Transformations of art.criticism in contemporary societies


We live in a time of profound transformations, which radically affect the
way in which we tend to articulate our relationship with the world around
us: transformations which affect the general framework of our
comprehension of the world, of what it means to inhabit it, of what we can
expect of our existence and of what it means to share that existence with
our fellow beings. The old "grand recits" that articulated that
comprension have collapsed, and although forceful ideas -such as freedom,
brotherhood and justice- continue to orient our practices, the models of
response that they support are no longer rigid, stable and univocal. We
thus find ourselves facing the need to reformulate the horizons, the
mediations: we need new maps for understanding our times, new visions that
will help us articulate our relationship with the world and all that it
means to "be human" within it. 

Regarding the practices of symbolic production in the ambit of visual
things, I believe that those transformations have two principle signs. 

- First, the appearance and already accomplished settling of a time-image,
of a moving image, in the ambit of the technical image. It is true that
this appearance of a moving image already has a century long history with
filmmaking. Nevertheless, that could not affect the practices of visual
production in such a decisive way. Not until the general conditions of
expectation, of contemplation, varied enough so that the time-image was
converted into the dominant form of experience of the image -something
which has already begun to occur-, permitting for the first time in the
history of humanity that representation be made ponderable in itself as an
event, as a "happening", not as something definitively given and forever
identical to itself. That implies great transformations not only in the
general symbolic ordering that mediatizes our whole relationship with
representation, yet also and consequently in the totality of the social
devices of production, transmission and experience of the image and visual
things in contemporary societies.
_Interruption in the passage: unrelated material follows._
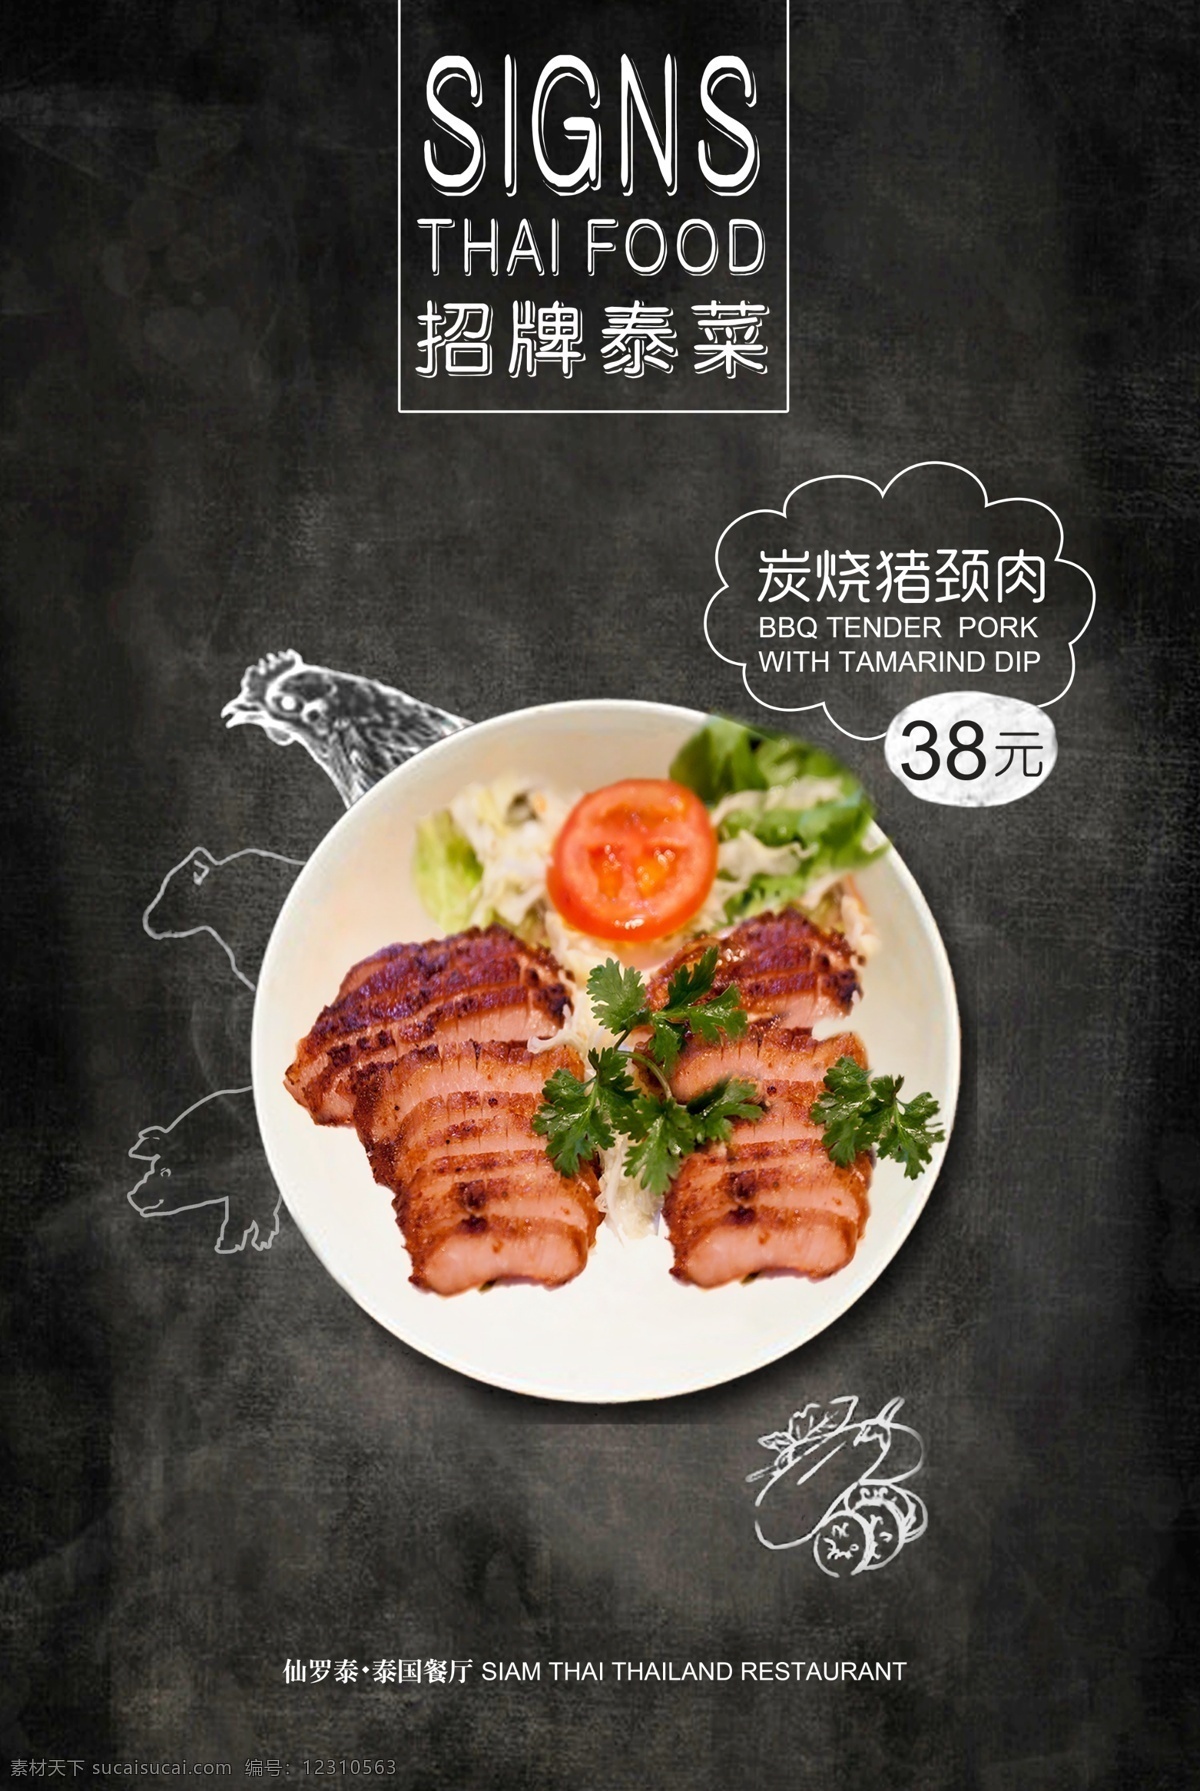 泰国招牌菜 招牌菜 泰国 炭烧猪颈肉 猪 猪简画 菜品 美食 美食海报 招贴设计

It is therefore inevitable to assume
that those great transformations have affected not only artistic practices
but also the modes in which the practice of art criticism can be developed
with them. 

- The second of the great signs of which I am considering refers to the
current proliferation of the mediums through which their social and public
distribution are verified. If the mechanisms of collectivization of
experience of visual practices in modern societies were formerly
conditioned by the requirement of presence, and they were therefore
mechanisms of a spatialized nature (such as museums, galleries, urban
spaces, specific locations, citizen's spaces or even alternative spaces),
the current proliferation of mediums and new mediums profiles a much
broader, swarming and lively panorama of devices. A panorama that, above
all, is no longer conditioned by the obligatory resolution of the
presentations in terms of presence or specific location, spatialization.
It seems to me evident that from there follows an almost immeasurable
challenge for the creative practices, and by extension a peremptory
transformation of the space for art criticism (which will soon find itself
facing the possibility of utilizing a multiplicity of channels, mechanisms
and forms for which it was not conceived). 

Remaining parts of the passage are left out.